#### To do:
What you give back should be exactly the lines from the one with "Outdoor UV Resistant" through the end of the data, without the pictures.

#### Data:
---*---

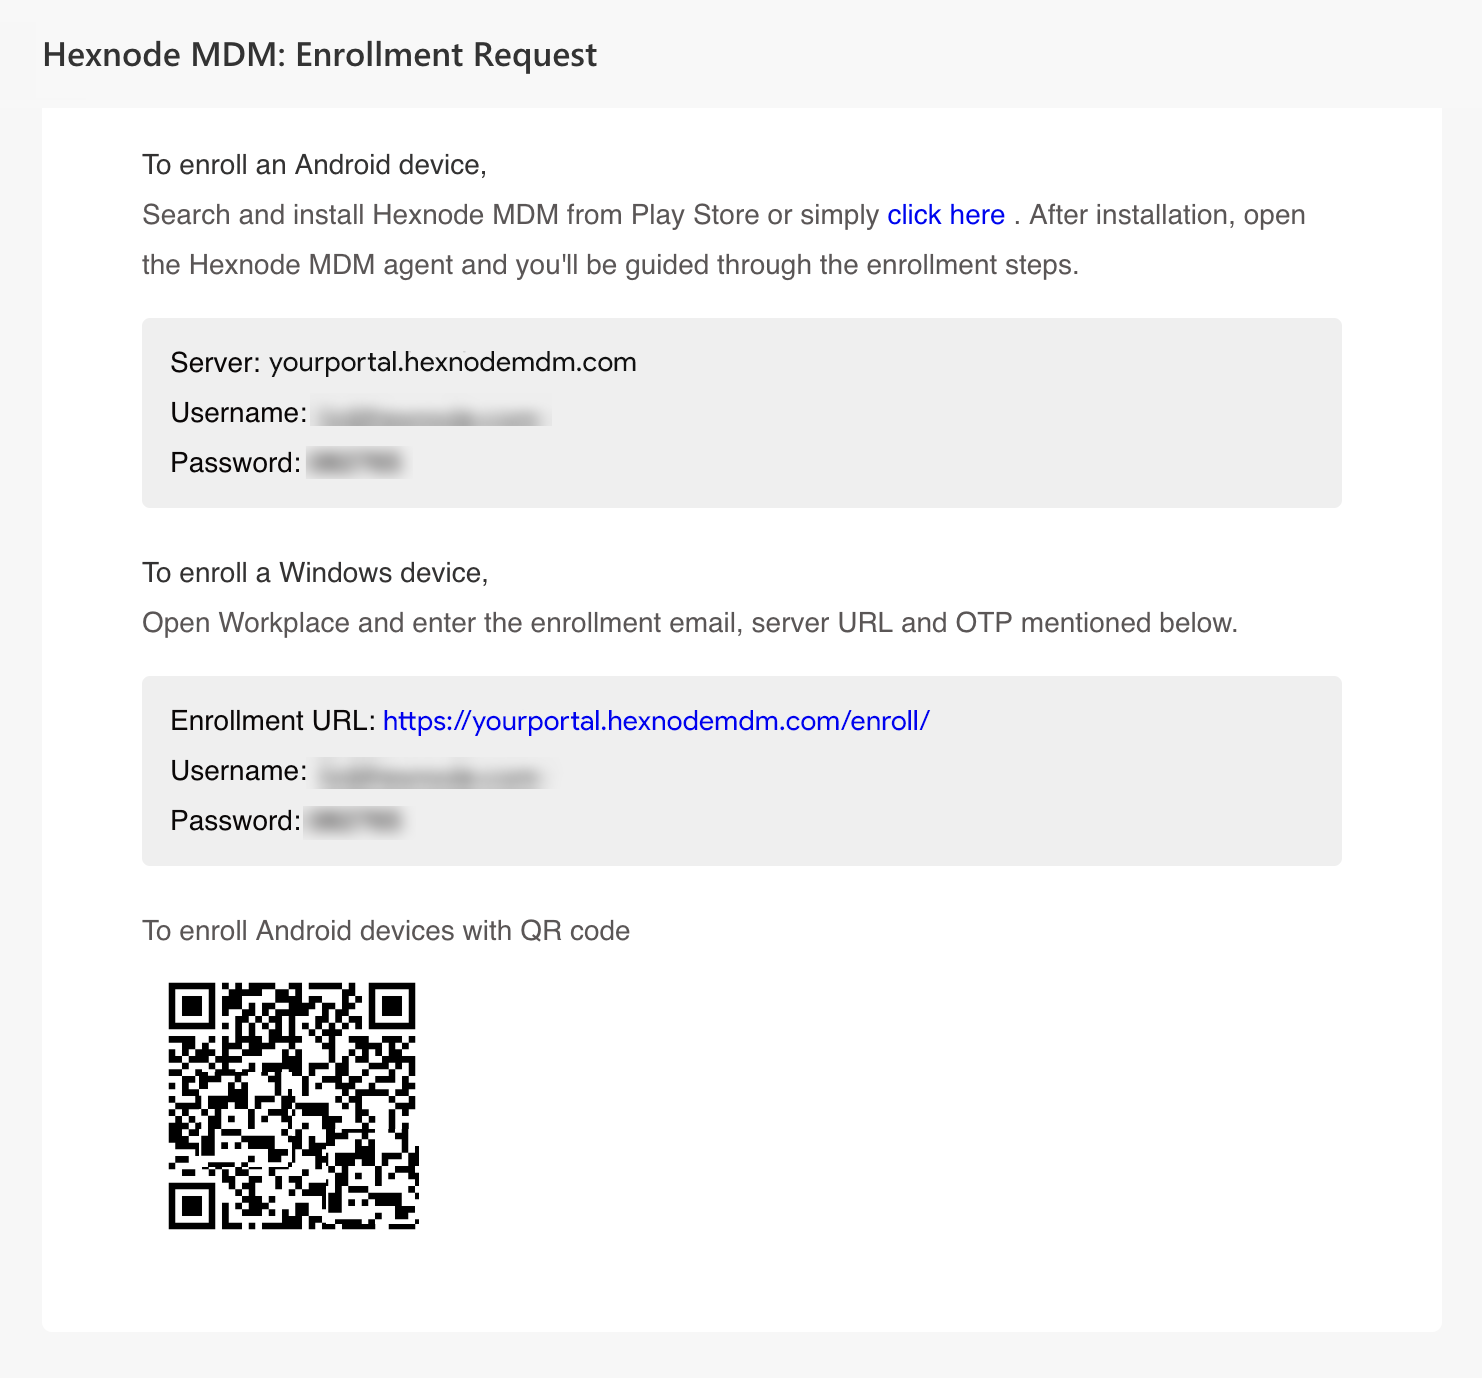 sent email request for authenticated enrollment
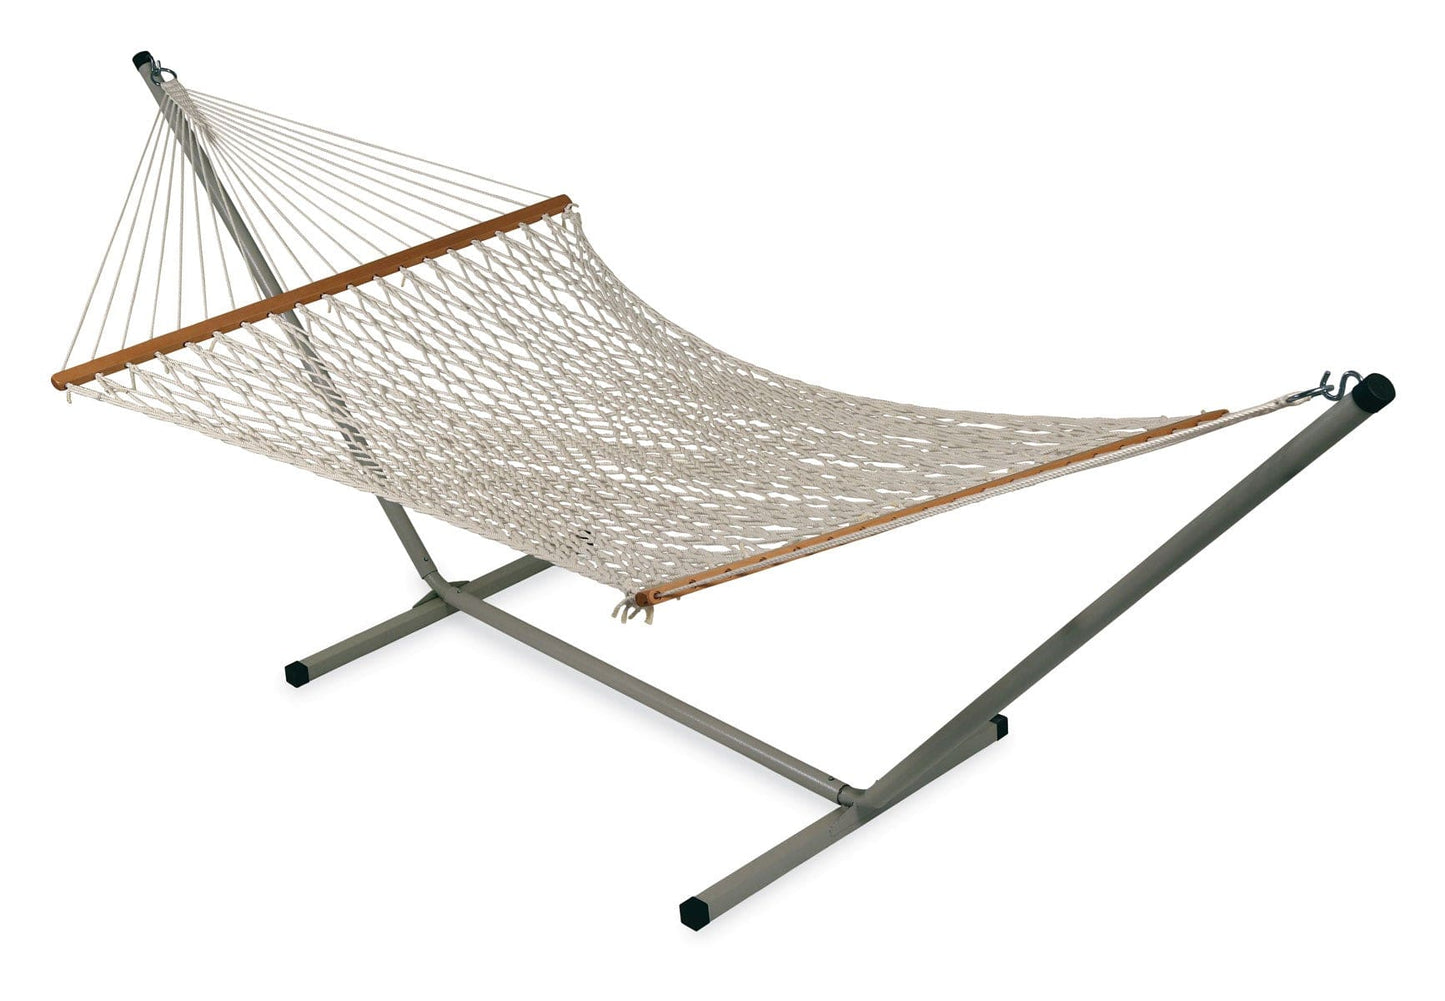 Outdoor UV Resistant Hammock Furniture With Stand Frame, Weight Capacity of 200 kg
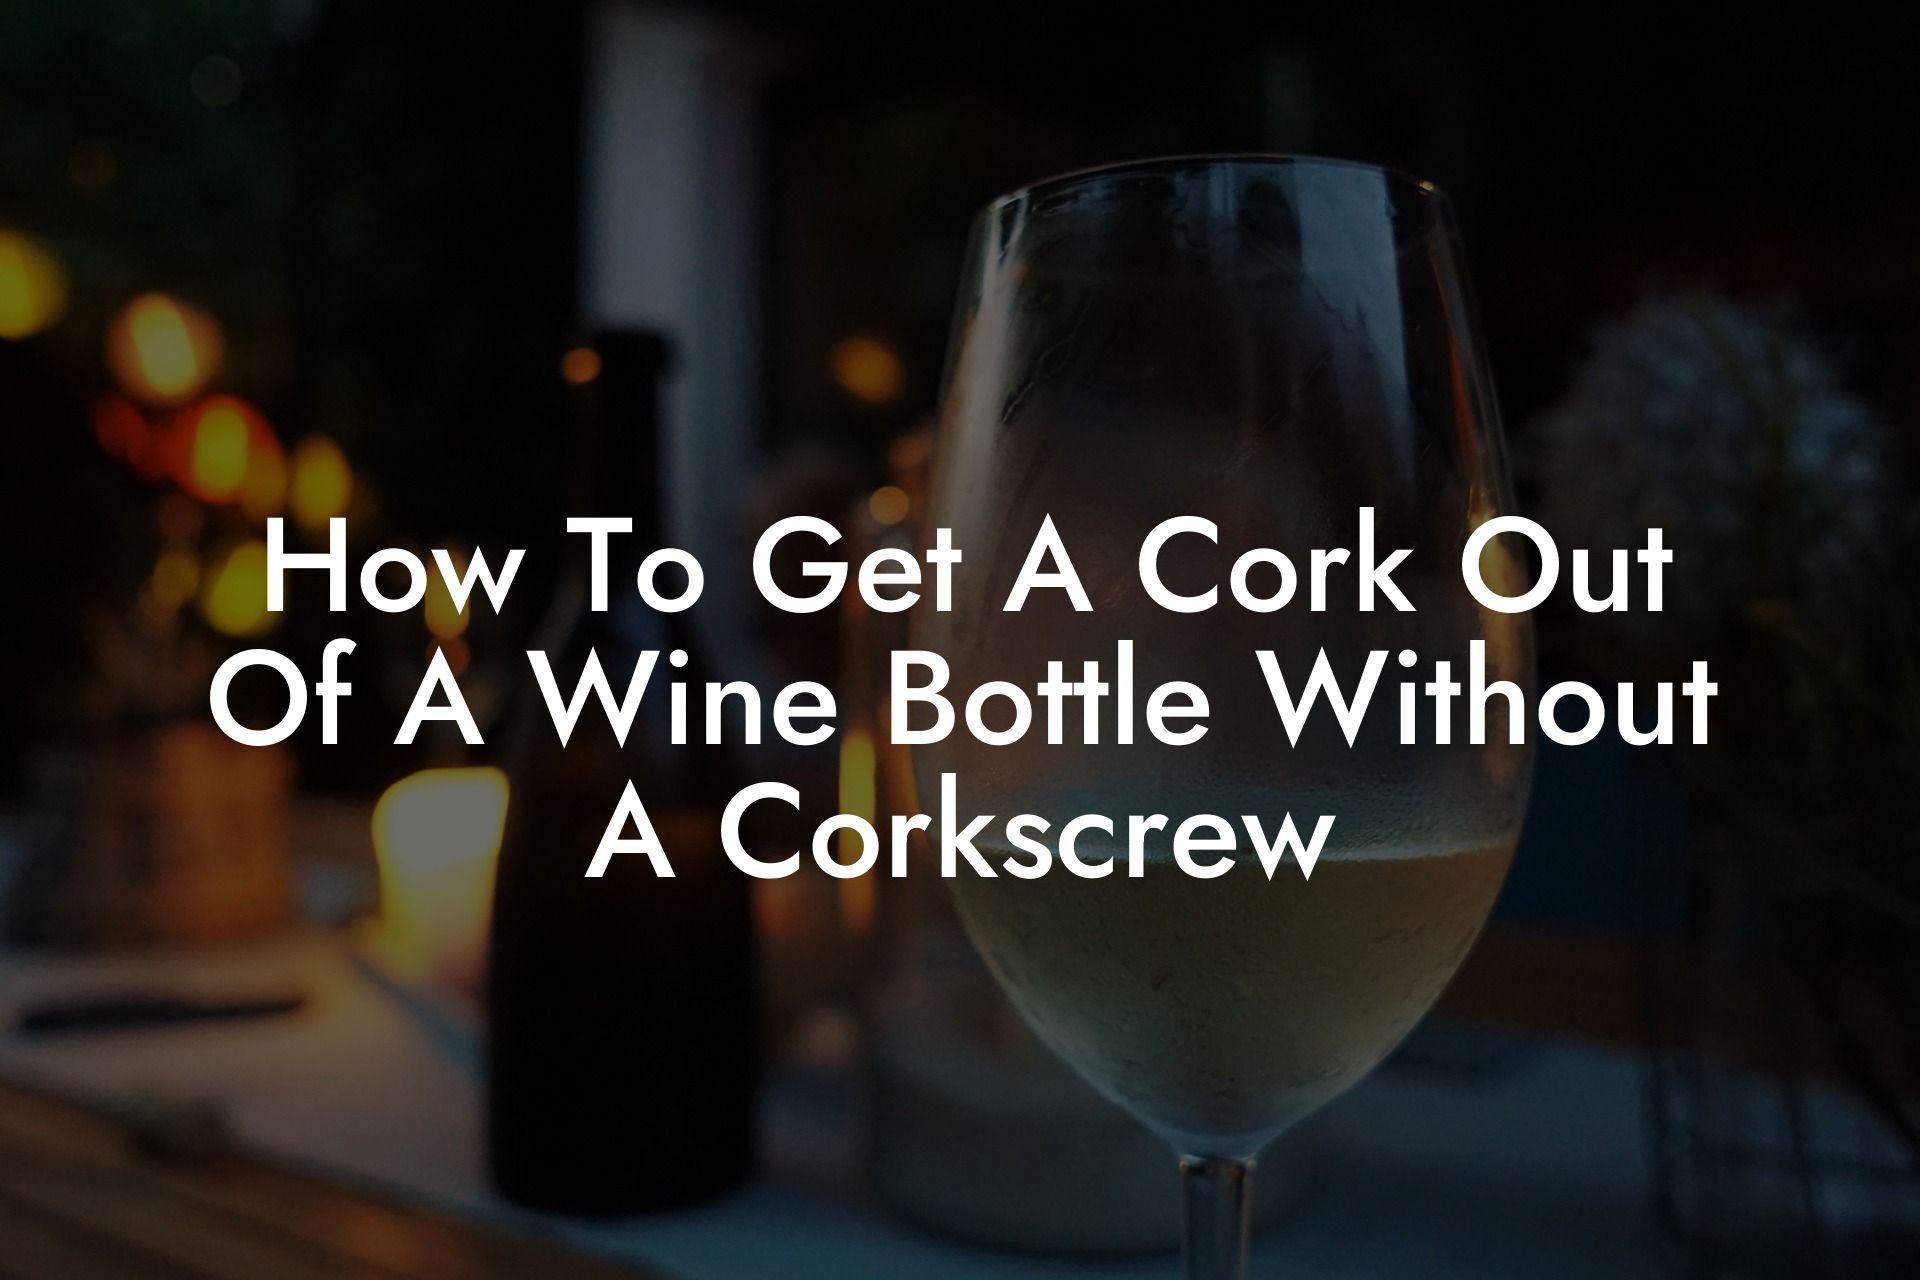 How To Get A Cork Out Of A Wine Bottle Without A Corkscrew

---*---

#### Your response:
 Outdoor UV Resistant Hammock Furniture With Stand Frame, Weight Capacity of 200 kg
 How To Get A Cork Out Of A Wine Bottle Without A Corkscrew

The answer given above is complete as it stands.